Now they are seen as cash cows, to be milked at the gate, at the club megastore, and by superfluous membership schemes. While Manchester United fans complain about admission prices, those of Middlesbrough and Sunderland protest at season-ticket only entry. The clubs point to better stadiums, fans retort by noting that the Football Trust has paid for many of the improvements and television was supposed to subsidise the rest - compensation, in part, for the constant switching of fixtures to inconvenient Sunday afternoons and Monday evenings.

The Football Association, freed from even a cursory nod at preserving fan-club relations, is even greedier. Ninety per cent of semi-final tickets were priced at pounds 30-pounds 38. Bland programmes were pounds 3. The wonder is not that 10,000 stayed away, it is that so many turned up.

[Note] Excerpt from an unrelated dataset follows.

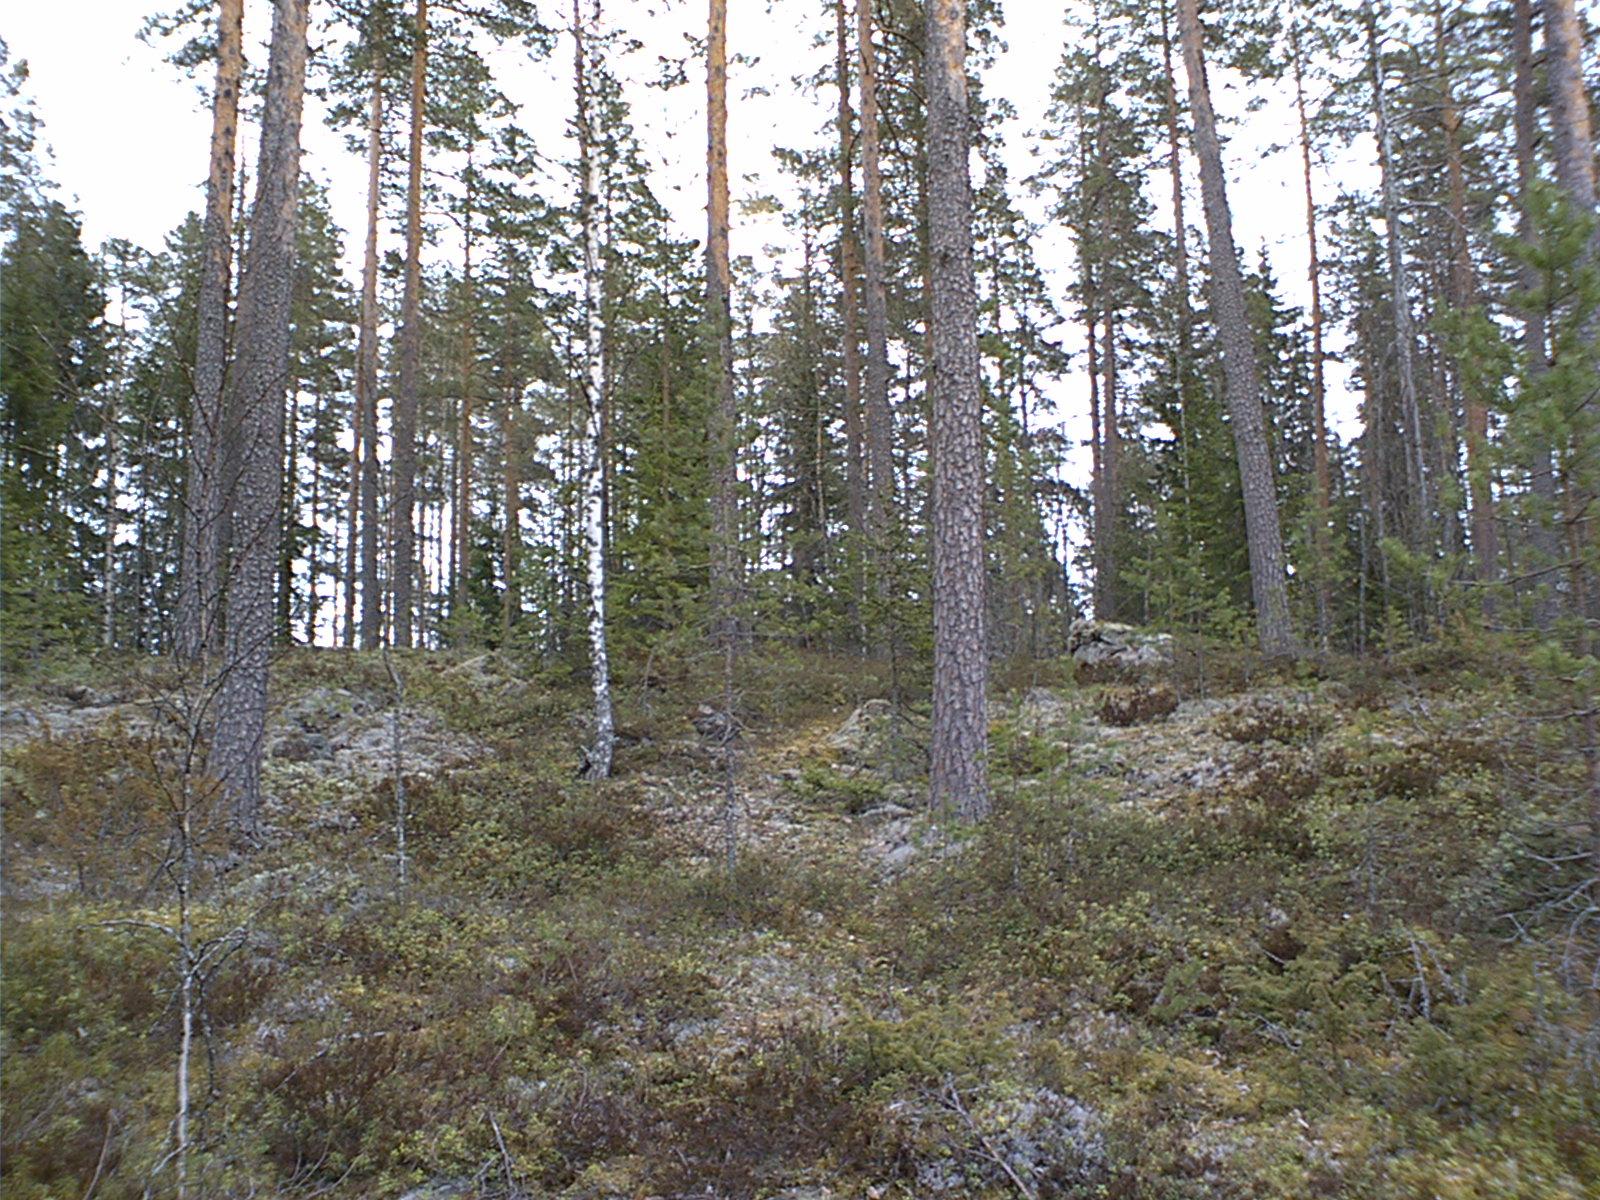 Havupuuvaltainen metsä kasvaa loivassa kivisessä rinteessä.
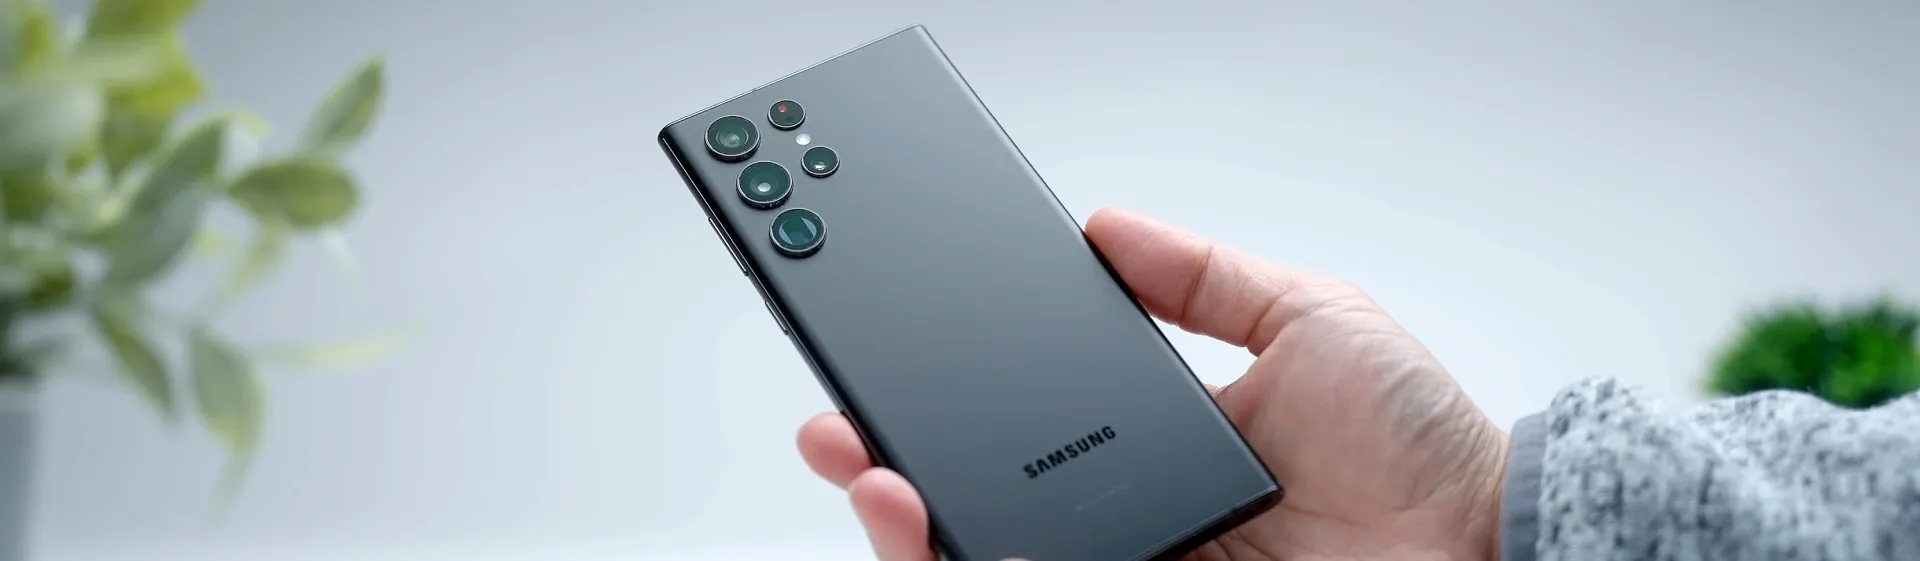 Celular Samsung Galaxy A54 5G A546E 8GB de RAM / 256GB / Tela 6.4

It is no surprise to find the guilty men are the same group that expect fans to pay up to pounds 45 to watch England play friendlies. Crawl forward the Match and Grounds Committee, a 14-man covey who watch much of their professional football from the comfort of a directors' box, with a half- time buffet, a post-match drink and all for free. They include just five members of the professional game.

Meanwhile, players' earnings move beyond comprehension and a disturbing number of directors and chairman are becoming rich through changing club structures, selling shares, or paying themselves vast salaries as managing directors.

They sit, in their panelled board rooms and bray "plenty more where you came from" at complaining fans. Not for ever, there won't be, not if prices continue to rise. And, when the stands are empty, will Bergkamp, Gullit and Sky still be interested?